Output the data unchanged and complete, minus the images.

■ Data provided

============================================================

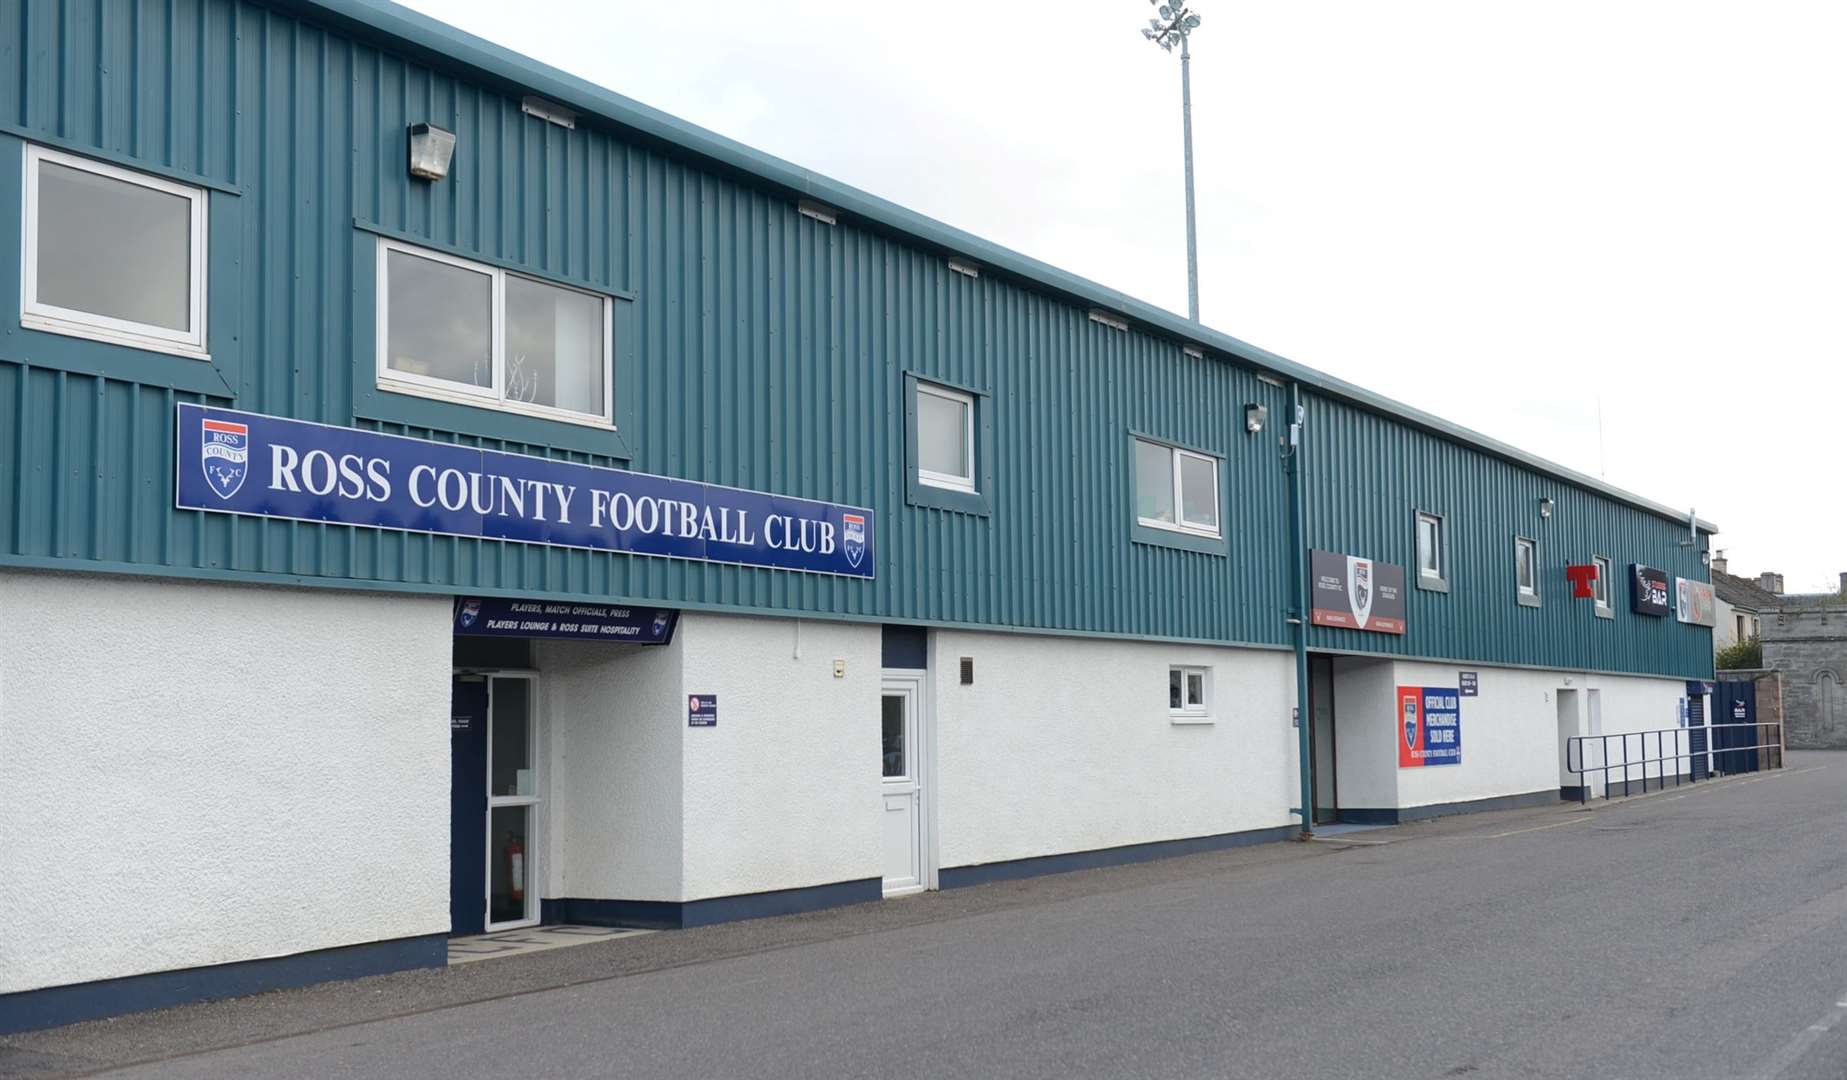 Ross County have written off a loss of £579,472 for the financial year ending May 31, 2023.
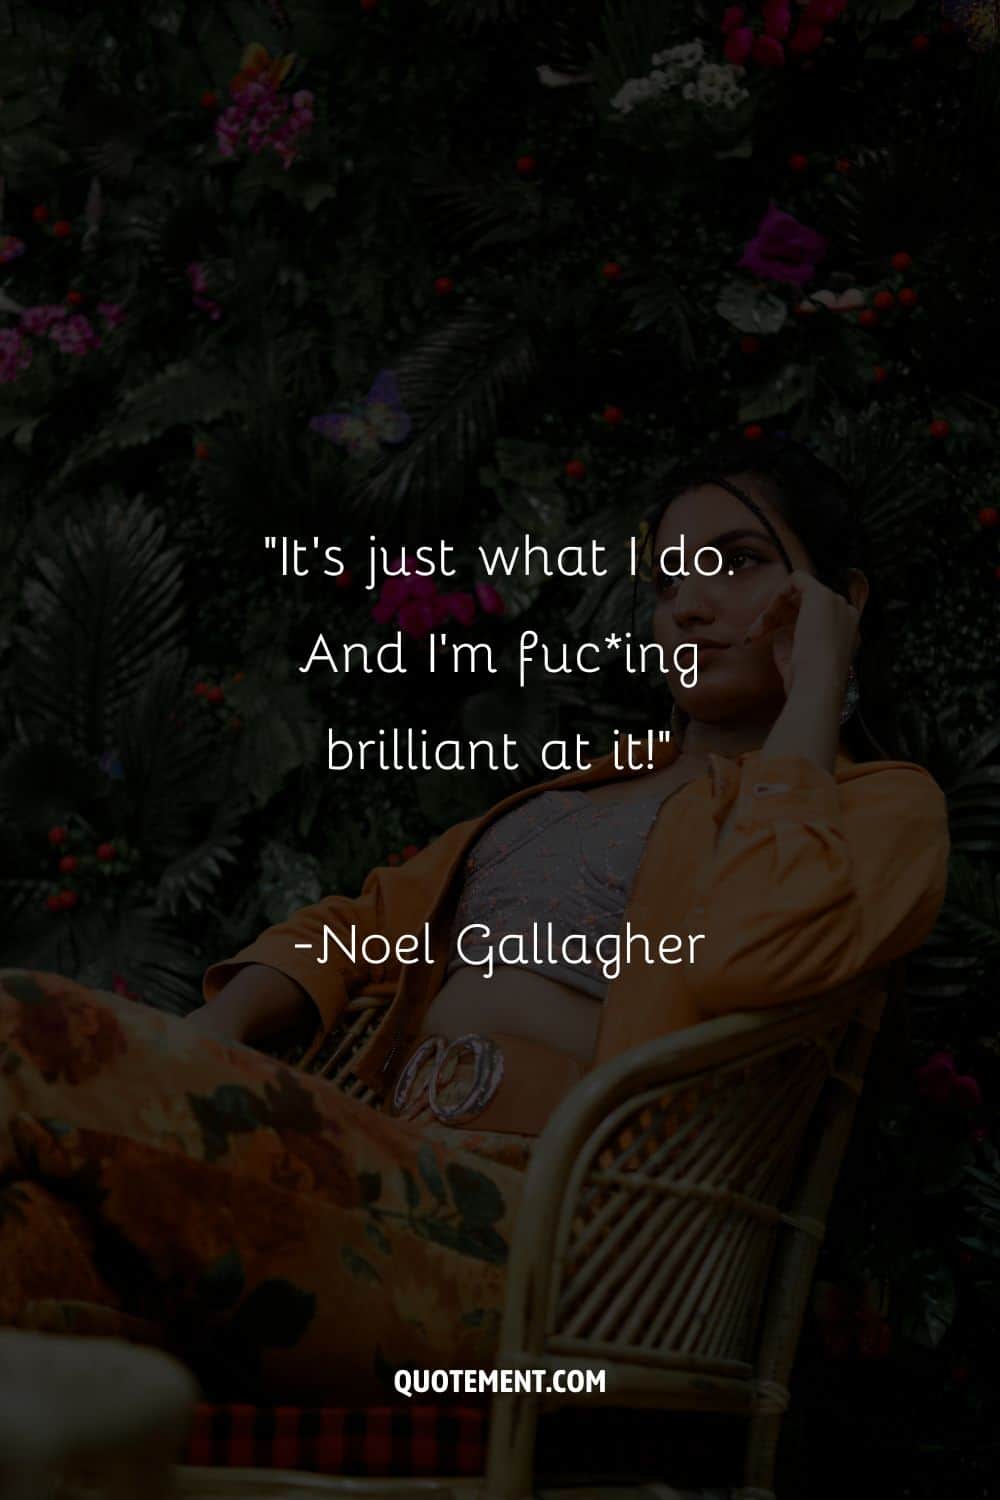 “It’s just what I do. And I’m fucing brilliant at it!” ― Noel Gallagher
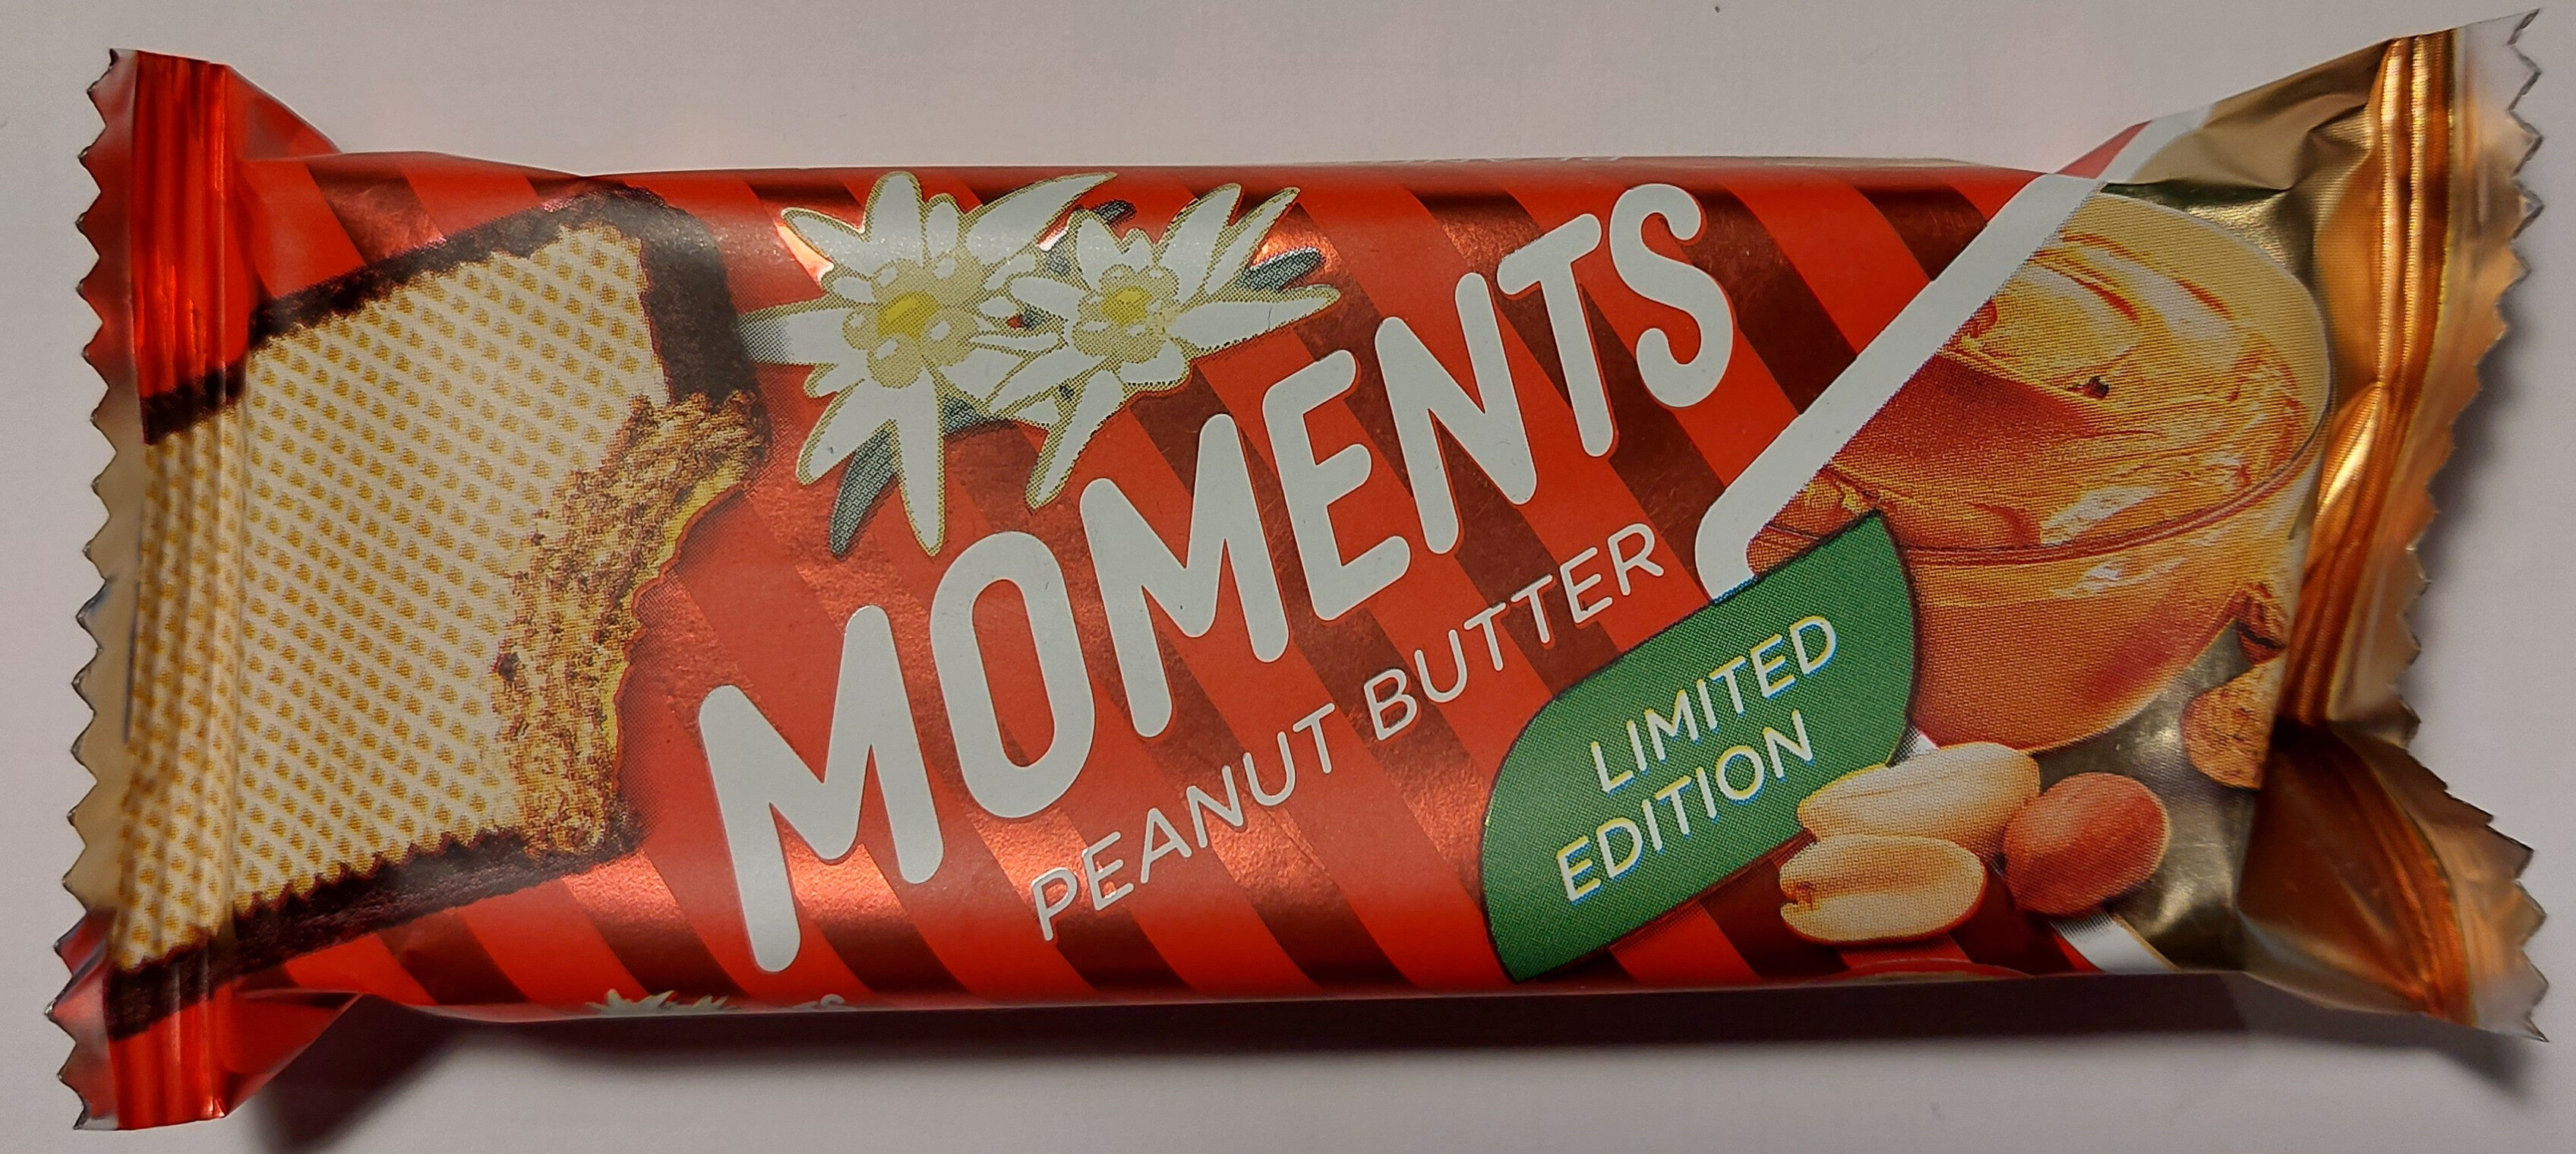 MOMENTS PEANUT BUTTER - Product - hu

============================================================

■ Solution to this problem
 Ross County have written off a loss of £579,472 for the financial year ending May 31, 2023.
 “It’s just what I do. And I’m fucing brilliant at it!” ― Noel Gallagher
 MOMENTS PEANUT BUTTER - Product - hu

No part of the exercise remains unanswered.